We performed global proteomics of premature infant tracheal aspirate (TA) and plasma to determine the composition and source of lung fluid proteins and to identify potential biomarkers of respiratory outcome.
TA samples were collected from intubated infants in the TOLSURF cohort before and after nitric oxide treatment, and plasma was collected from NO CLD infants. Protein abundance was assayed by HPLC/tandem mass spectrometry and Protein Prospector software. mRNA abundance in mid-gestation fetal lung was assessed by RNA sequencing. Pulmonary morbidity was defined as a need for ventilatory support at term and during the first year.

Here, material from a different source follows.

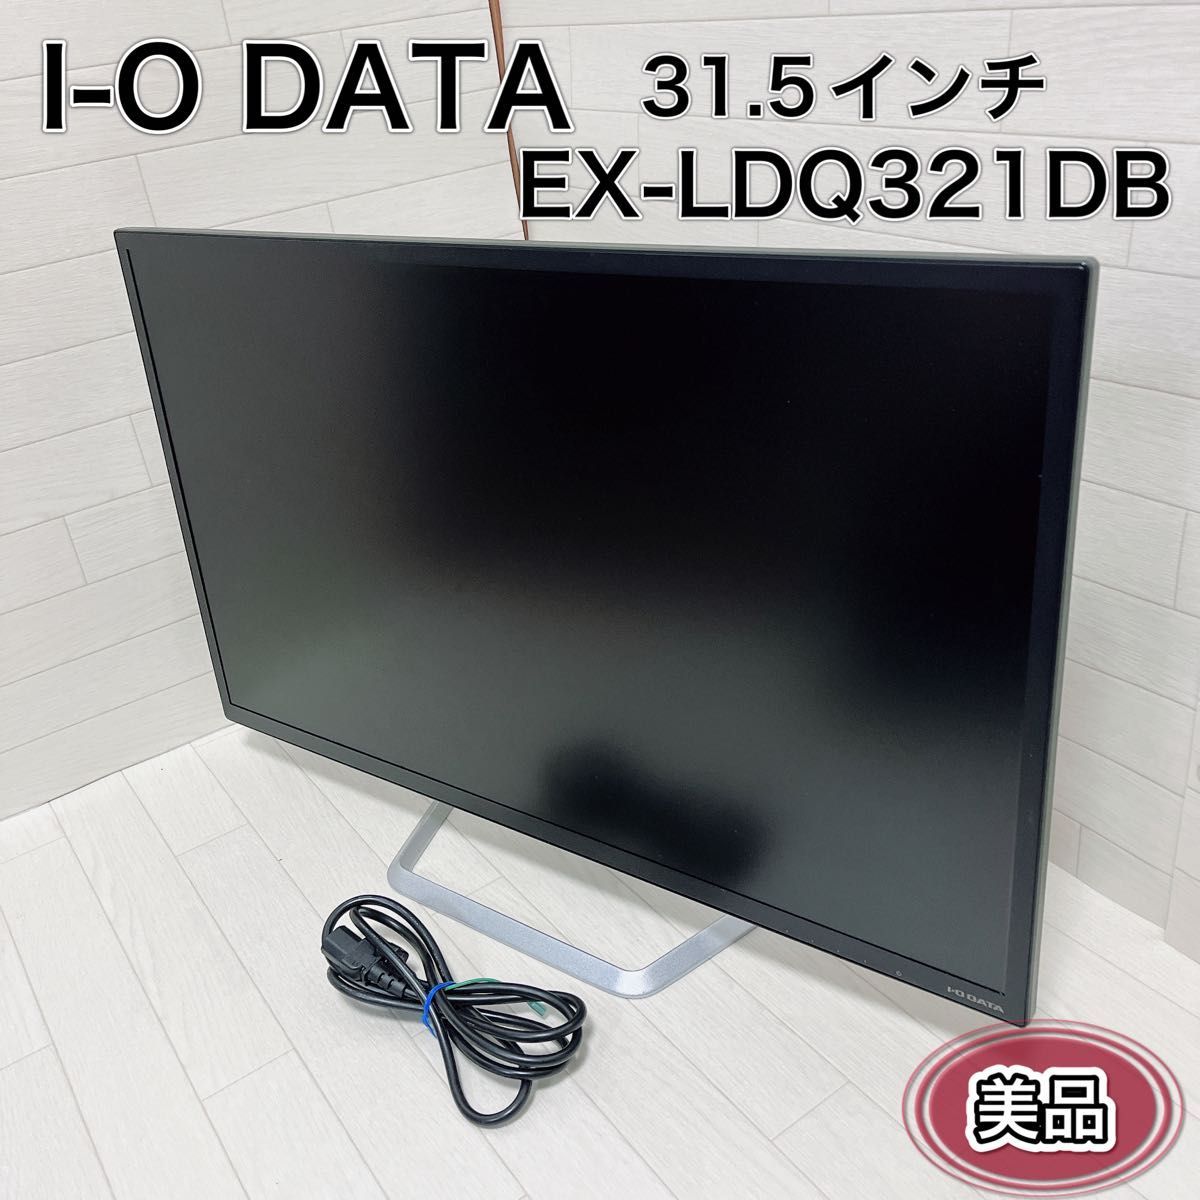 I-O DATA モニター 31.5インチ EX-LDQ321DB 良品

Abundant TA proteins included albumin, hemoglobin, and actin-related proteins. 96 of 137 detected plasma proteins were present in TA (r = 0.69, p<0.00001). Based on lung RNAseq data, ~88% of detected TA proteins in injured infant lung are derived at least in part from lung epithelium with overrepresentation in categories of cell membrane/secretion and stress/inflammation. Comparing 37 infants at study enrollment (7-14 days) who did or did not develop persistent pulmonary morbidity, candidate biomarkers of both lung (eg., annexin A5) and plasma (eg., vitamin D-binding protein) origin were identified. Notably, levels of free hemoglobin were 2.9-fold (p = 0.03) higher in infants with pulmonary morbidity. In time course studies, hemoglobin decreased markedly in most infants after enrollment coincident with initiation of inhaled nitric oxide treatment.
We conclude that both lung epithelium and plasma contribute to the lung fluid proteome in premature infants with lung injury. Early postnatal elevation of free hemoglobin and heme, which are both pro-oxidants, may contribute to persistent lung disease by depleting nitric oxide and increasing oxidative/nitrative stress.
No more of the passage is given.